A similar good performance was obtained for Ae. albopictus with a correlation of 0.96 (p-value <0.0001) between the two identification methods. Overall, the number of morphologically identified Ae. albopictus was comparable to the number provided by VECTRACK algorithm (Chi-squared = 0.409, p-value = 0.52). Results from the linear model estimated a 1.05 (95%CI: 1.-1.09) relationship between the number of Ae. albopictus identified by VECTRACK and by the operator corresponding to an expectation of 105 (SD: 7.9) Ae. albopictus for every 100 Ae. albopictus identified by VECTRACK algorithm (Figure 3).
The number of identified Cx. pipiens was comparable between operator and VECTRACK algorithm (Chi-squared = 1.64, df = 1, p-value = 0.2). However, a less strong correlation was present (0.70, p-value <0.0001) with VECTRACK algorithm overestimating the number of Cx. pipiens and showing high residual uncertainty with respect of the number of captured Cx. pipiens. For every 100 Cx. pipiens identified by VECTRACK algorithm we expect to have captured on average 77 (SD: 5) Cx. pipiens (Figure 3).
VECTRACK algorithm performance in Aedes albopictus and Culex pipiens female and male identification
Overall, VECTRACK algorithm provides high balance accuracy for females (99.1% and 98.8% for Ae. albopictus and Cx. pipiens, respectively), while a lower value for males was observed (62.6% and 62.8%). In particular, VECTRACK algorithm underestimated the number of Ae. albopictus females (-22.9%) and overestimated the number of males (53.8%), while an opposite trend was observed for Cx. pipiens mosquitoes (23.3% overestimation of females and -6.4% underestimation of males).
In the case of Ae. albopictus, a very high correlation between estimates provided by operators and VECTRACK algorithm was found both for females (Spearman: 0.97; p-value<0.0001) and males (Spearman: 0.89 p-value<0.0001). However, a significant difference was found in the identification of sexes between the two identification methods (Chi-squared test = 66.1, p-value = <0.001). The misidentification of Ae. albopictus females and the overestimation of Ae. albopictus males was found to be systematic and consistent across sites.
The estimated relationship between Ae. albopictus females counts by VECTRACK algorithm and by operator-mediated morphological identification is 1.28 (95%CI: 1.23- 1.33) and was found to correct the estimate of VECTRACK algorithm providing an estimate of 128 (SD: 5.6) actual catches for every 100 females identified by VECTRACK algorithm (Figure 4). The estimated relationship between Ae. albopictus males counts by VECTRACK algorithm and by the operator is lower 0.66 (95%CI: 0.57- 0.76).

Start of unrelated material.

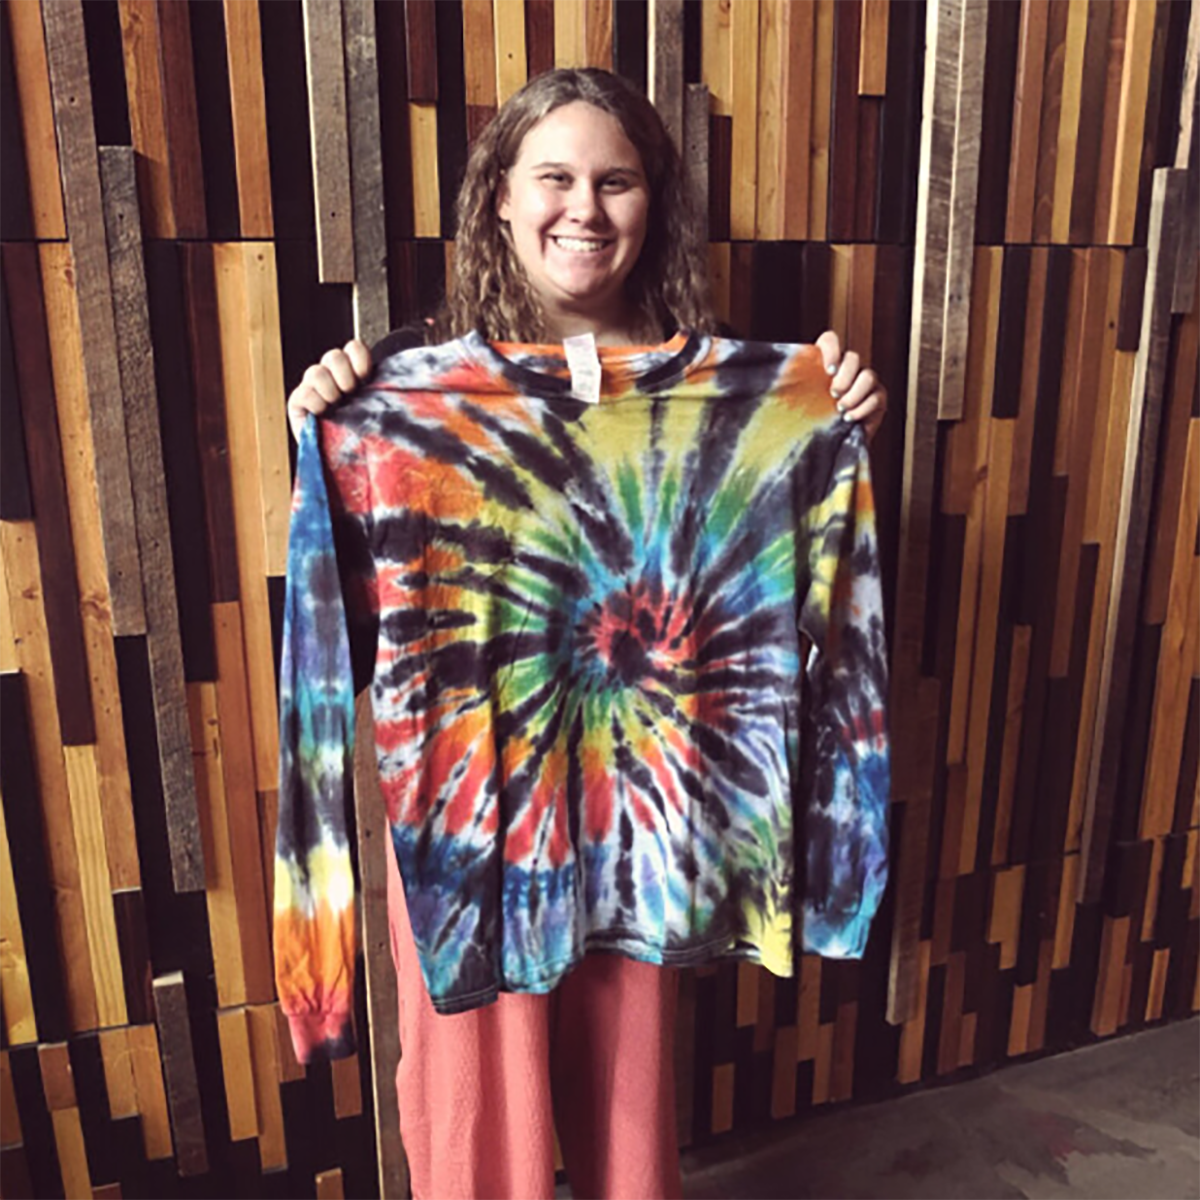 Photo of a young woman holding up a tie-dye shirt
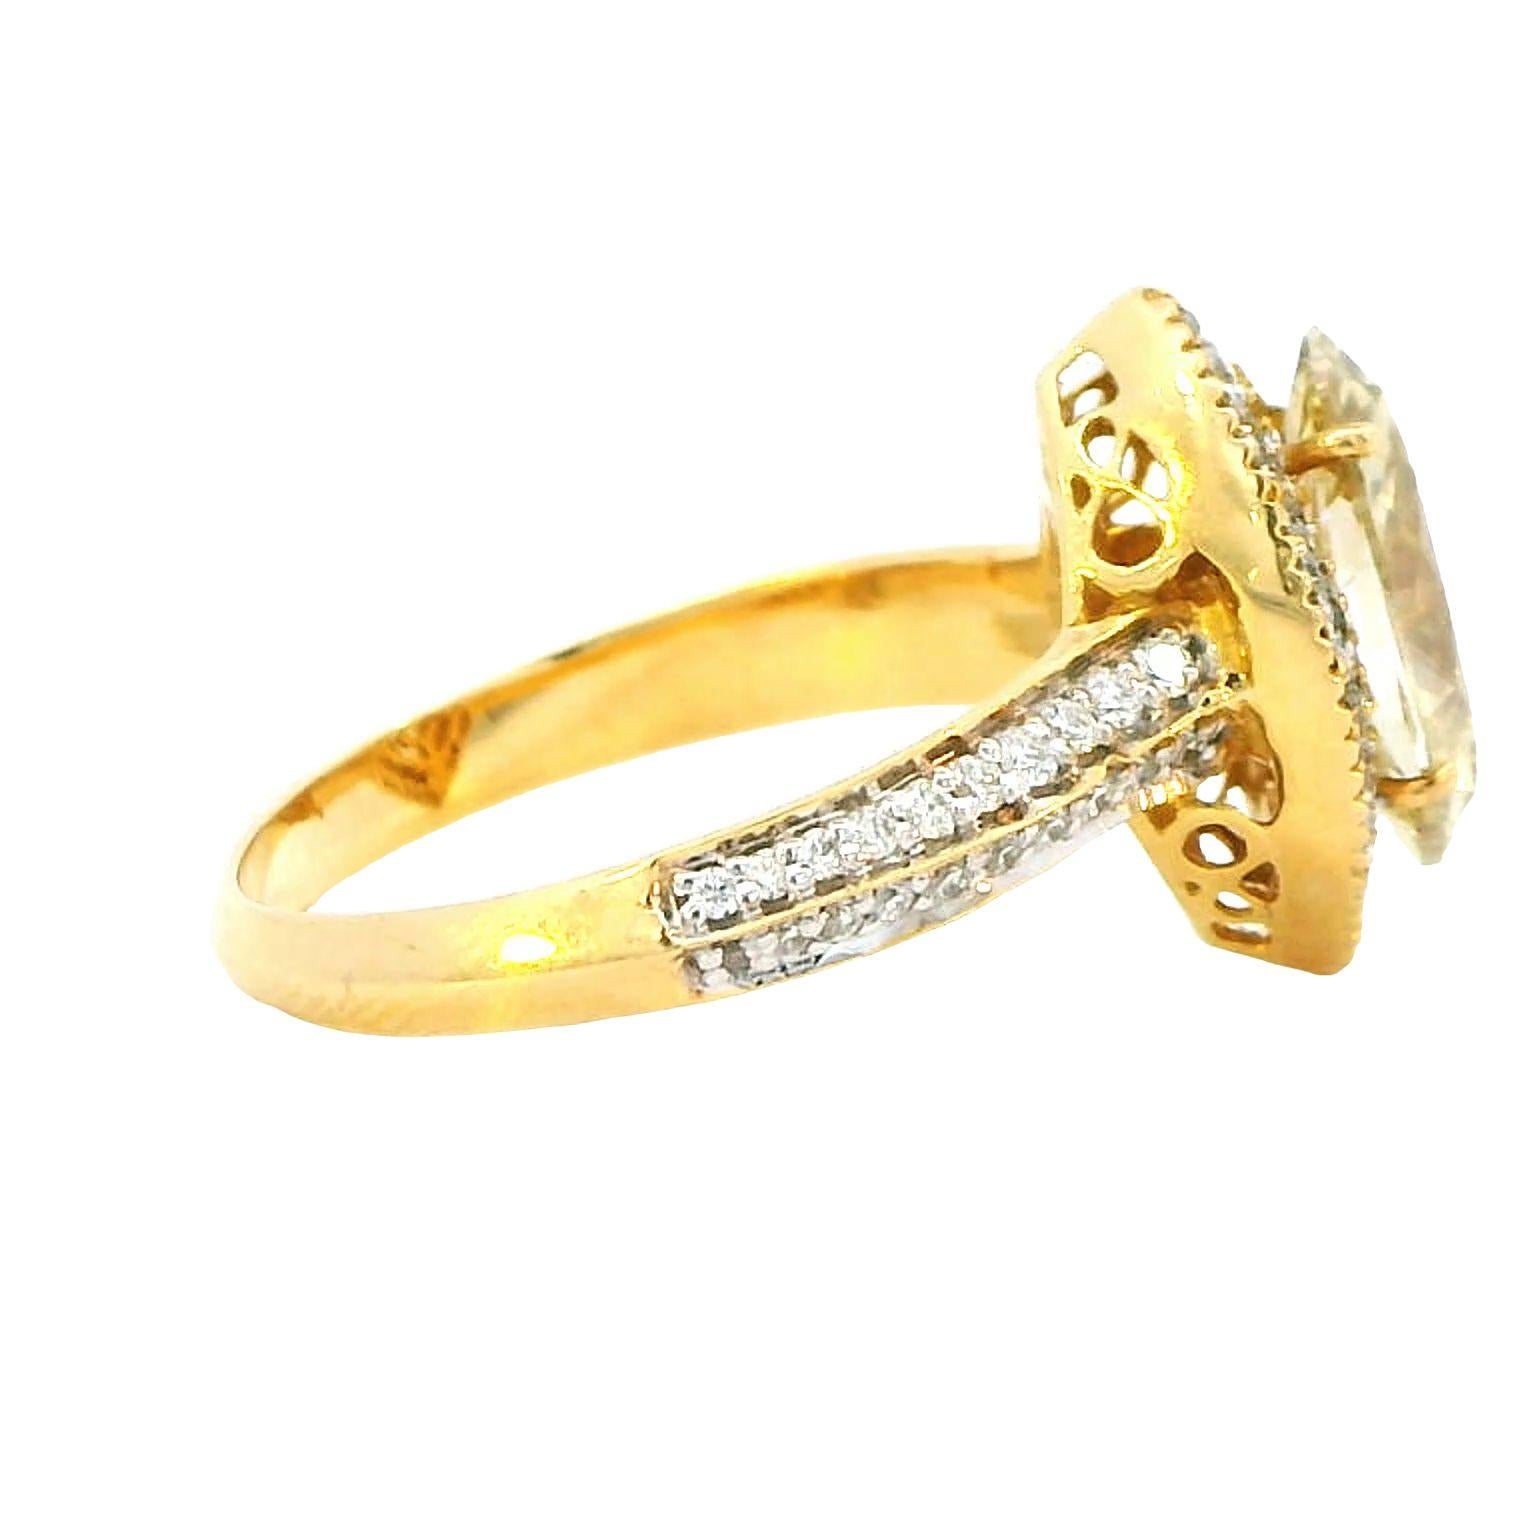 1.51 Carat Yellow Marquise 0.23 Carat Round Cut Diamond Ring 18K Gold In New Condition For Sale In New York, NY

We did not find evidence against the hypothesis of a similar identification performance of Cx. pipiens sexes between VECTRACK algorithm and by operator-mediated morphological examination (Chi-squared = 1.17, p-value = 0.28). However, the correlation between estimates provided by the two identification methods was found to be lower for both females (Spearman: 0.67 p-value<0.0001) and males (0.37, p-value =0.025).